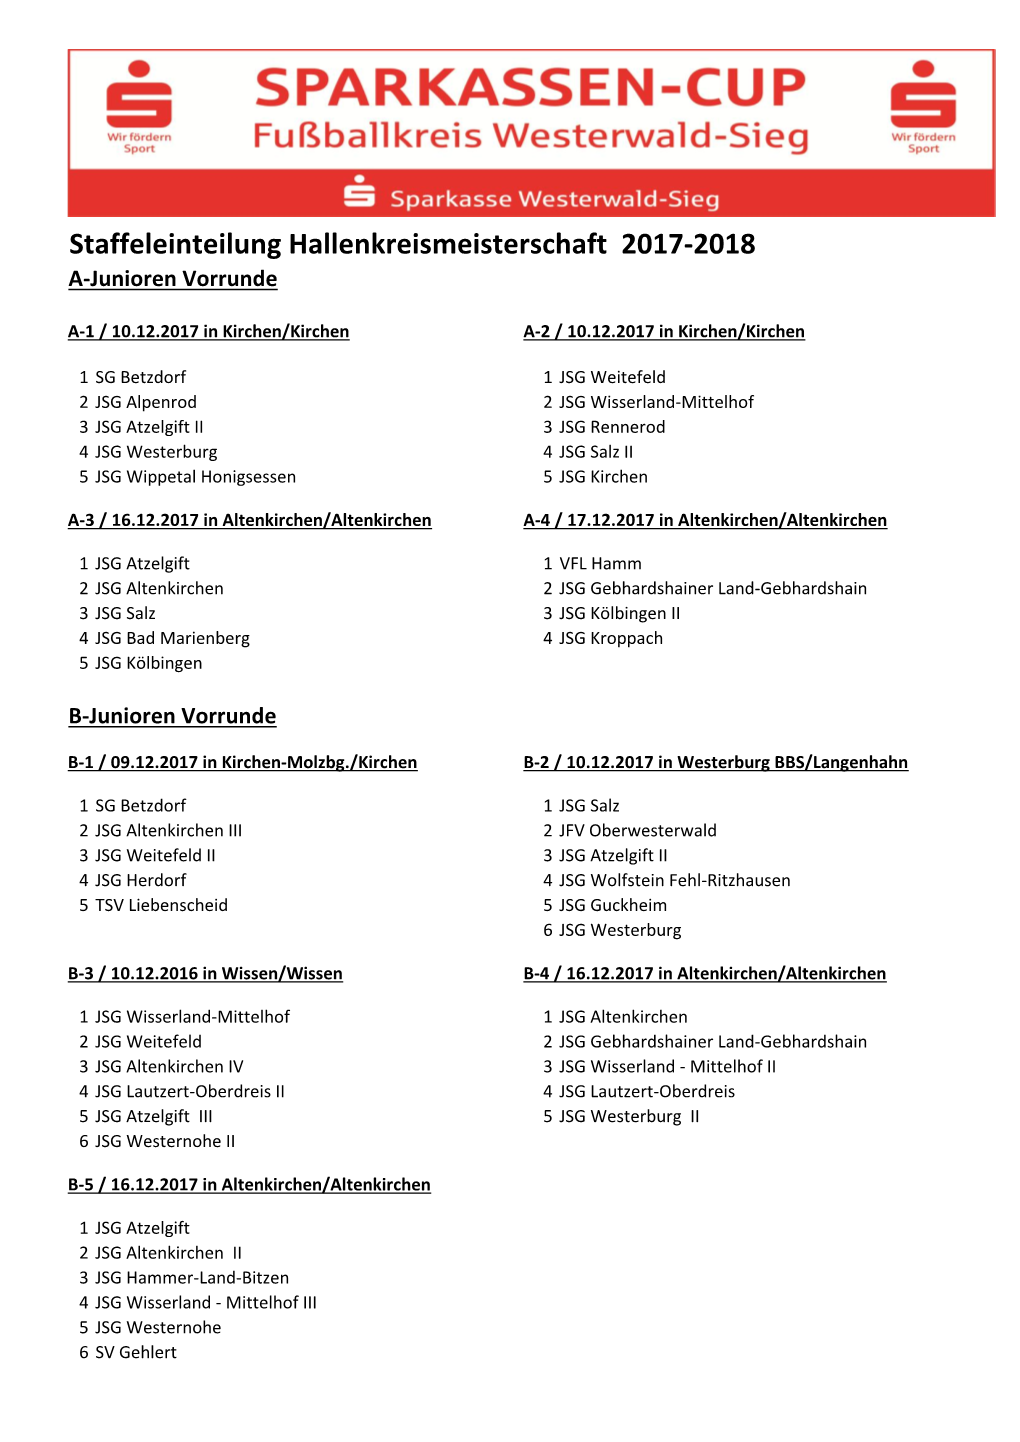 Staffeleinteilung Hallenkreismeisterschaft 2017-2018 A-Junioren Vorrunde
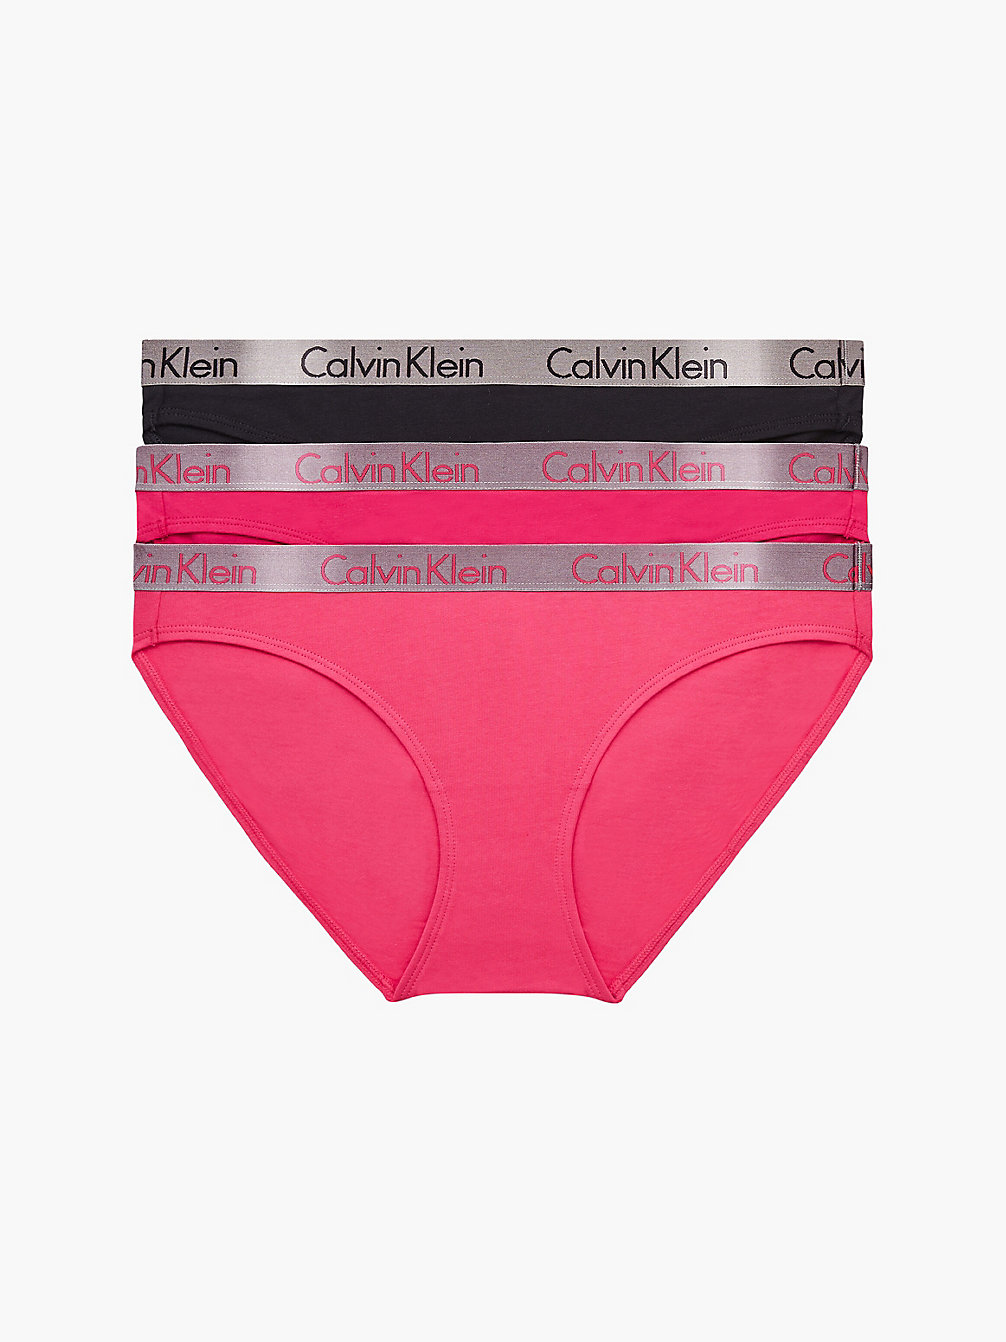 PINK SPLENDOR/BRIAR ROSE/BLACK Lot De 3 Culottes - Radiant Cotton undefined femmes Calvin Klein
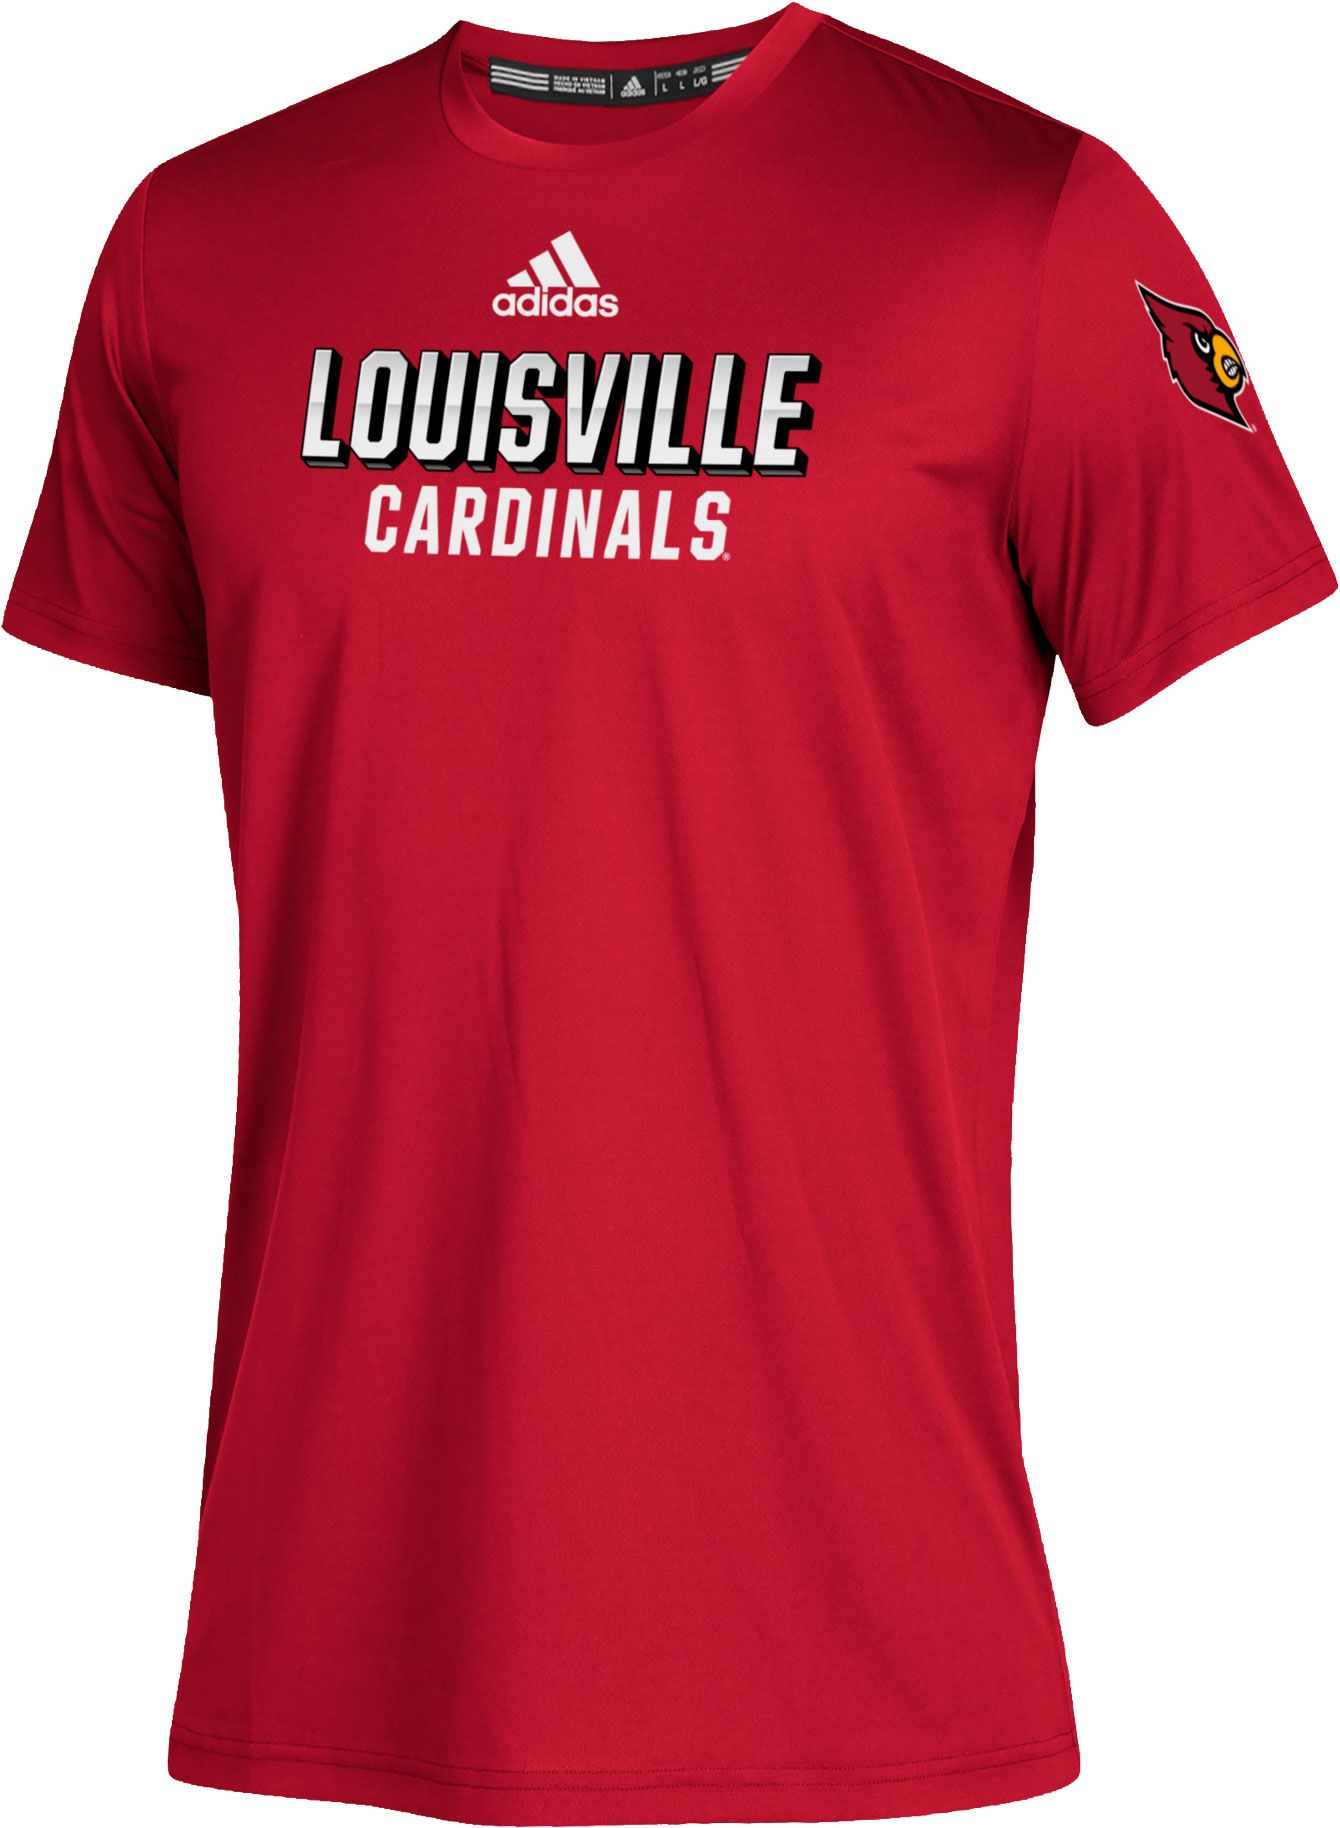 louisville cardinals kids jersey

◆ Instructions to follow:
All of the material above must be given again verbatim, except for the pictures.

◆ Output:
 Staffeleinteilung Hallenkreismeisterschaft 2017-2018 A-Junioren Vorrunde
 PINK SPLENDOR/BRIAR ROSE/BLACK Lot De 3 Culottes - Radiant Cotton undefined femmes Calvin Klein
 louisville cardinals kids jersey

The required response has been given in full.